Python’s set data structure handles this natively.

# Define sets of user IDs
group_a = {"user1", "user2", "user3", "user4"} # 4 users
group_b = {"user3", "user4", "user5"}          # 3 users

# Intersection (Users in BOTH groups)
intersection = group_a.intersection(group_b)
print(f"Intersection: {intersection}")
# Output: {'user3', 'user4'} (Size 2)

# Union (Unique users across groups)
union = group_a.union(group_b)
print(f"Union: {union}")
# Output: {'user1', 'user2', 'user3', 'user4', 'user5'} (Size 5)

# Verify Principle: |A| + |B| - |A &cap; B|
# 4 + 3 - 2 = 5
assert len(union) == len(group_a) + len(group_b) - len(intersection)

6. Data Science Application: Monthly Active Users (MAU)

A common metric in tech companies is Monthly Active Users (MAU).

Suppose you have:

  • Web Users: 1,000,000
  • iOS Users: 800,000
  • Android Users: 700,000

If you just add them up (2.5M), you are overestimating your reach because many users use multiple platforms.

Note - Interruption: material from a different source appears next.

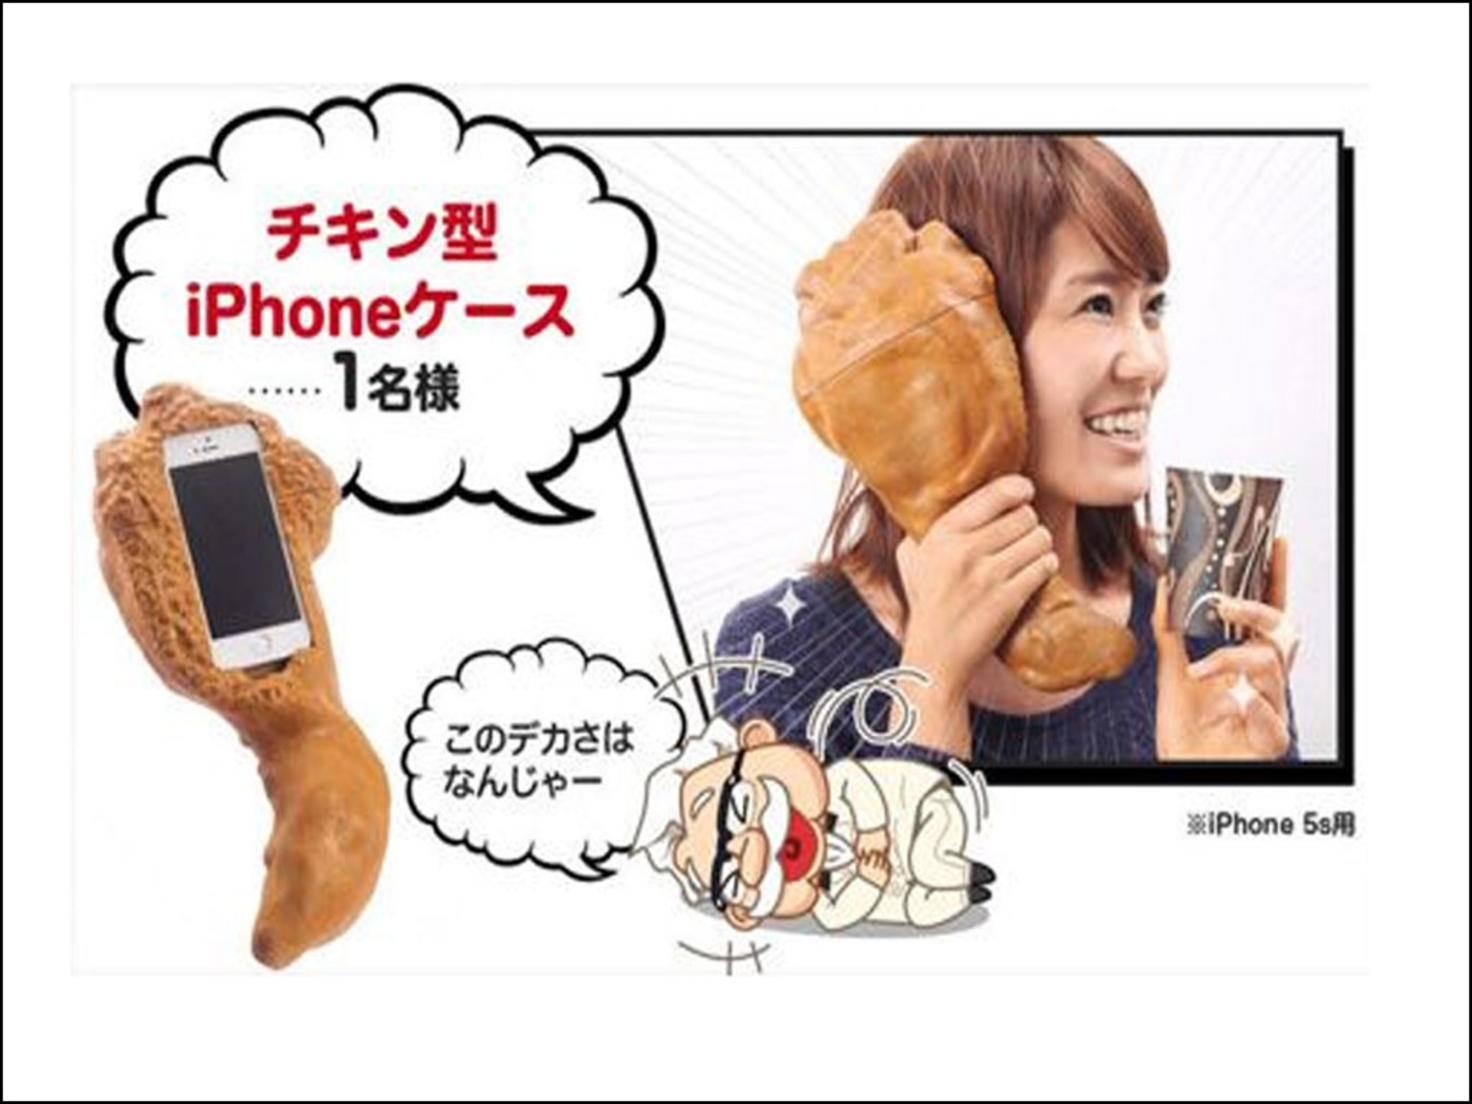 Japan Gadgets

To get the True Total Reach, you need to subtract the overlaps:

  • Users on Web & iOS
  • Users on Web & Android
  • Users on iOS & Android

And add back the super-users (Web & iOS & Android).

Formula: Total = Web + iOS + Android - (Web&iOS + Web&And + iOS&And) + (AllThree)

This logic is fundamental to SQL queries using COUNT(DISTINCT user_id) which effectively applies this principle under the hood.

[!IMPORTANT] Failing to account for overlap is a common mistake in marketing attribution and growth accounting. Always check for intersections!